Cloud Extortion Campaign Hacks AWS .Env Files To Ransom Data


Researchers have uncovered an extortion campaign that targeted more than 100,000 domains by using misconfigured AWS environment variable files (.env files) to ransom data in cloud storage containers.

The sophisticated cloud extortion campaign used automation techniques and extensive knowledge of cloud architecture to increase the speed and success of the campaign, underscoring the need for cloud security best practices such as robust authentication and access controls, data encryption, secure configuration management, and monitoring and logging.

Multiple Security Failures Fueled AWS Cloud Extortion Campaign

The researchers, from Palo Alto Networks’ Unit 42, said the attackers were able to leverage .env files that contained sensitive information such as credentials from numerous applications because of multiple security failures on the part of cloud users. These include:

  • Exposed environment variables
  • Use of long-lived credentials
  • Absence of a least privilege architecture

The attack campaign set up its infrastructure within organizations’ AWS environments and “used that groundwork to scan more than 230 million unique targets for sensitive information,” the researchers wrote.

The campaign targeted 110,000 domains, resulting in more than 90,000 unique variables in the .env files. Of those variables, 7,000 belonged to organizations’ cloud services and 1,500 variables were traced back to social media accounts.

Attackers used multiple networks and tools in their operation, such as virtual private server (VPS) endpoints, the onion router (Tor) network for reconnaissance and initial access operations, and VPNs for lateral movement and data exfiltration.

Attackers successfully ransomed data hosted within cloud storage containers, the researchers said. They didn’t encrypt the data before ransom, but instead exfiltrated it and placed a ransom note in the compromised container (example below).

AWS S3 ransom note
AWS S3 ransom note (Unit 42)

“The attackers behind this campaign likely leveraged extensive automation techniques to operate successfully and rapidly,” the researchers said. “This indicates that these threat actor groups are both skilled and knowledgeable in advanced cloud architectural processes and techniques.”

They emphasized that the attack “relied on misconfigurations in victim organizations that inadvertently exposed their .env files.

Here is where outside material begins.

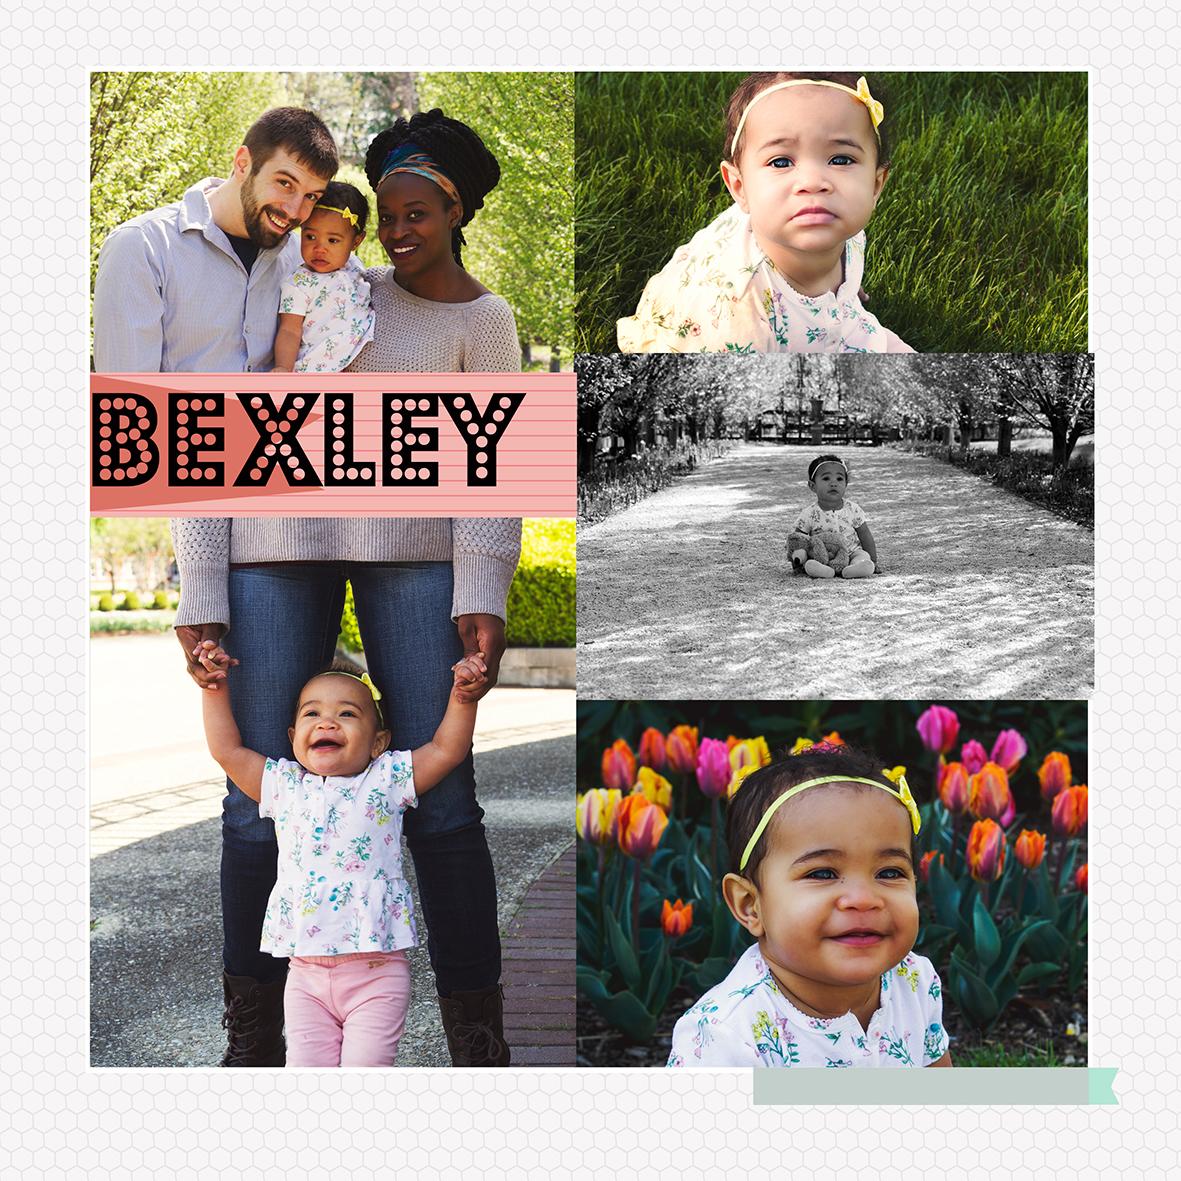 bexley8x8storyboardsm.jpg

It did not result from vulnerabilities or misconfigurations in cloud providers’ services.”

It’s not clear where the threat actors were located or if they were affiliated with any known threat groups, but the researchers found one ISP IP address geolocated in Ukraine that was part of early-stage privilege escalation activity, and a second ISP IP address that was geolocated in Morocco and was associated with S3 access and exfiltration.

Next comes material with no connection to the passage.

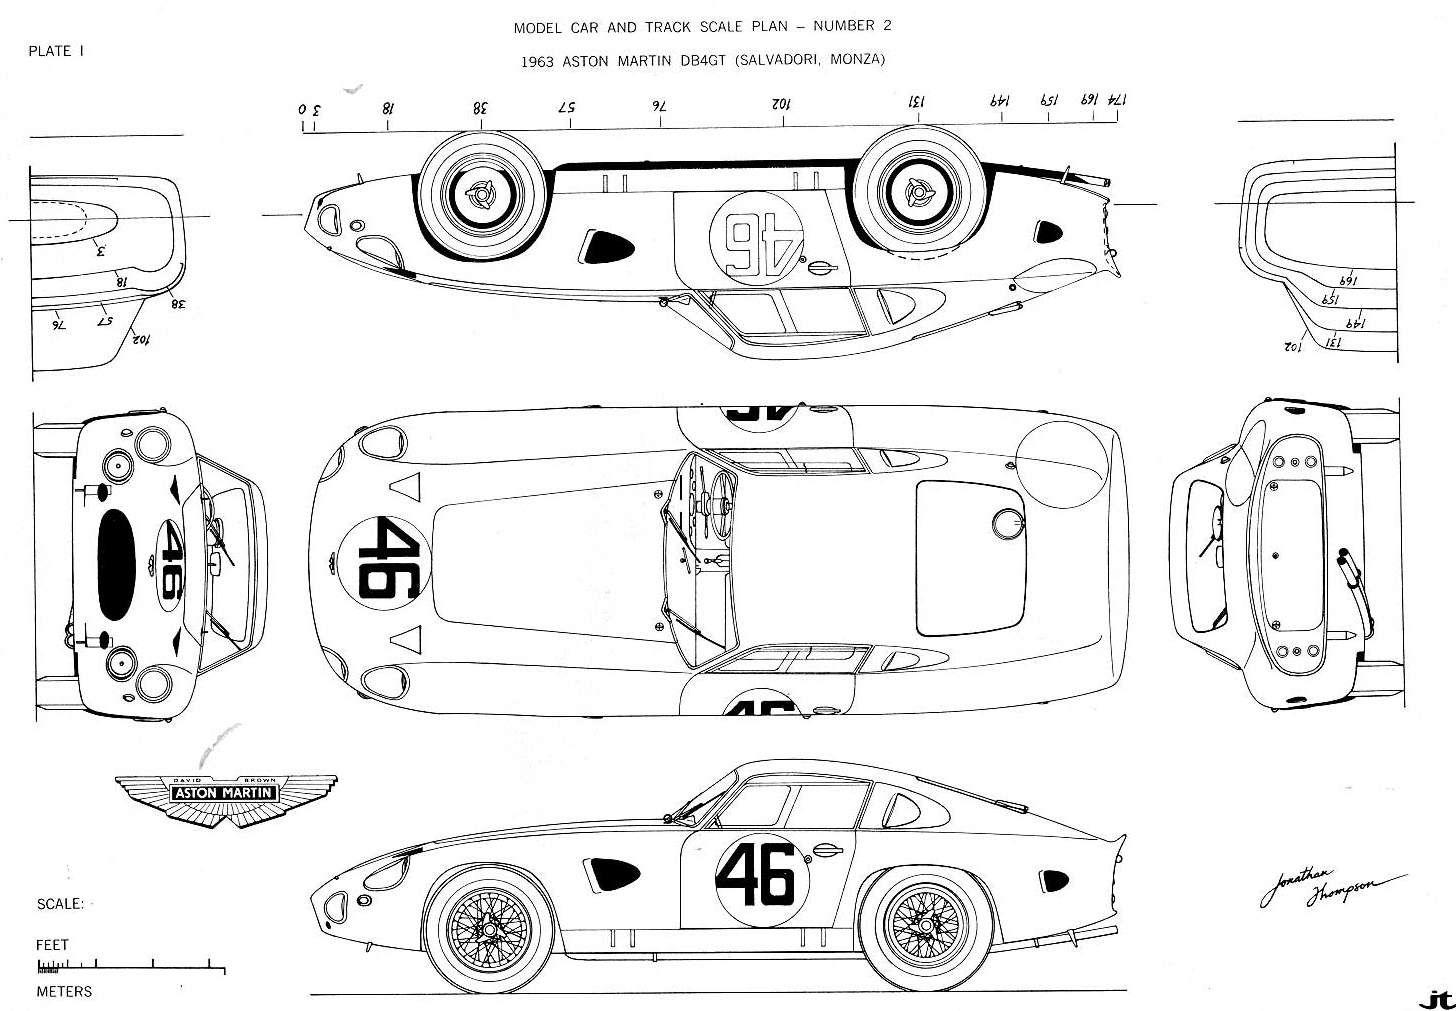 Aston Martin Db4 Gt Dp 214 Chassis R 1 456

“Based on the user-agents and time between API calls, we determined the threat actor manually performed these access operations, which leaked the threat actor’s possible physical location,” they wrote.

Initial Access Came From Leaked AWS IAM Credentials

Environment files let users define configuration variables used within applications and platforms, and often contain secrets such as hard-coded cloud access keys, SaaS API keys and database login information, which the threat actors used for initial access.

“The attack pattern of scanning the internet for domains and exploiting credentials obtained from exposed environment variable files follows a larger pattern we believe propagates through other compromised AWS environments,” the researchers said.

The threat actors were able to obtain exposed AWS Identity and Access Management (IAM) access keys by scanning and identifying exposed .env files hosted on unsecured web applications.

“We continue to see a growing trend of attackers targeting cloud IAM credentials leading to initial access of organizations’ cloud environments,” they wrote. “The most common initial access vectors for this particular threat originate from organizations inadvertently misconfiguring servers, subsequently exposing sensitive files to the public internet, with the most frequently exposed files being .env files.”

While the IAM credentials did not have administrator access to all cloud resources, the attackers discovered that the IAM role used for initial access “did have the permissions to both create new IAM roles and attach IAM policies to existing roles. Using these capabilities, the attacker successfully escalated their privileges within victim cloud environments by creating new IAM resources with unlimited access.”

From there, the attackers were able to create new AWS Lambda functions for their automated scanning operation.